Our work within Theme 4 recognises that embedding biodiversity renewal in finance and business activities is lagging substantially behind the advances that have occurred in carbon accounting and climate change. We will develop new tools and standards to close this gap and test their application.

The business and finance sectors are paying increasing attention to the material economic risks from biodiversity loss to their core activities and the impacts of these activities on biodiversity. Global and national corporate actors are investigating how to make their activities ‘nature positive’ through a range of initiatives, but methods to quantify and visualise the biodiversity consequences of business and investment decisions is complex, much more so than for climate and carbon. This complexity can result in businesses being unable to enact nature-positive practices or using extreme simplifications of ‘nature’ that have limited or uncertain effectiveness.

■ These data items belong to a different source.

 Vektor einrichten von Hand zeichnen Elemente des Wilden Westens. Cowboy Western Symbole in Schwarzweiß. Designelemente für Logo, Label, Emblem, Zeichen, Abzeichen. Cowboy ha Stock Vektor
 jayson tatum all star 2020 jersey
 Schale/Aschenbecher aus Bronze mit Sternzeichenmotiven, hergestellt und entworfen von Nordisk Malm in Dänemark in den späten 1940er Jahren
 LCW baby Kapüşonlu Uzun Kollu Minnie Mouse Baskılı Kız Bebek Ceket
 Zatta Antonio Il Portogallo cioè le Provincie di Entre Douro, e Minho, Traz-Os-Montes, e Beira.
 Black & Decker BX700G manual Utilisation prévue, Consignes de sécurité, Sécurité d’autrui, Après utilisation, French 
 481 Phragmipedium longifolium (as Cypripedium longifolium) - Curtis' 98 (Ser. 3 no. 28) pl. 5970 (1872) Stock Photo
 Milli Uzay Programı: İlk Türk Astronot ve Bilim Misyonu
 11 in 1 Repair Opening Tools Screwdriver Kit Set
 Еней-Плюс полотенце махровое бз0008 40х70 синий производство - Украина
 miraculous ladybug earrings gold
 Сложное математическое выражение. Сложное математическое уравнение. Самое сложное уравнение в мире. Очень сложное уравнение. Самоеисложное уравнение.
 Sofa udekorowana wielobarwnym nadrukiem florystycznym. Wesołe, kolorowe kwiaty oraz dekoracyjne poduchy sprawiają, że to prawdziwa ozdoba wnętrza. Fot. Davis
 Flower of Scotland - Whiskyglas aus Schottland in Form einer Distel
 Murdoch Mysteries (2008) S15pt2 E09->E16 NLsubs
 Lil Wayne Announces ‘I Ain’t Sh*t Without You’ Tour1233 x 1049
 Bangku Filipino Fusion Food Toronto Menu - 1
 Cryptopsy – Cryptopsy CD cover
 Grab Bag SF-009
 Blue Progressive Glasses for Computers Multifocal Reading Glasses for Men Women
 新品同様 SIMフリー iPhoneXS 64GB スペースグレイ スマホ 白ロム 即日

Theme 4 is working to address the barriers and enablers to nature-positive business actions and will help identify the best approaches and tools to embed rigorous scientific evidence into corresponding decision-making processes, co-creating with partners a biodiversity intelligence capability that accelerates integration of biodiversity renewal into business and investment decisions.

Objectives

Theme 4 is working to:

  • Identify and engage the leaders whose personalised ecology, community membership and position within major businesses make them powerful potential biodiversity champions. Include a focus on businesses whose workforces, supply chains, clients, or customers come from a diverse range of communities, including those that are often overlooked in relation to biodiversity renewal.
  • Assess awareness, use and impact of the tools available to businesses to evaluate ‘double materiality’ of biodiversity and identify opportunities of biodiversity gain.
  • Co-create with biodiversity champions and key stakeholders a ‘Biodiversity dashboard’ that can inform business and investment decisions, through showing how they directly impact biodiversity in the UK (e.g. through real estate, agriculture, forestry) and indirectly impact biodiversity more broadly (through whole supply chains).
  • Identify positive tipping points that business and finance decision-makers can trigger to accelerate biodiversity renewal and barriers to them.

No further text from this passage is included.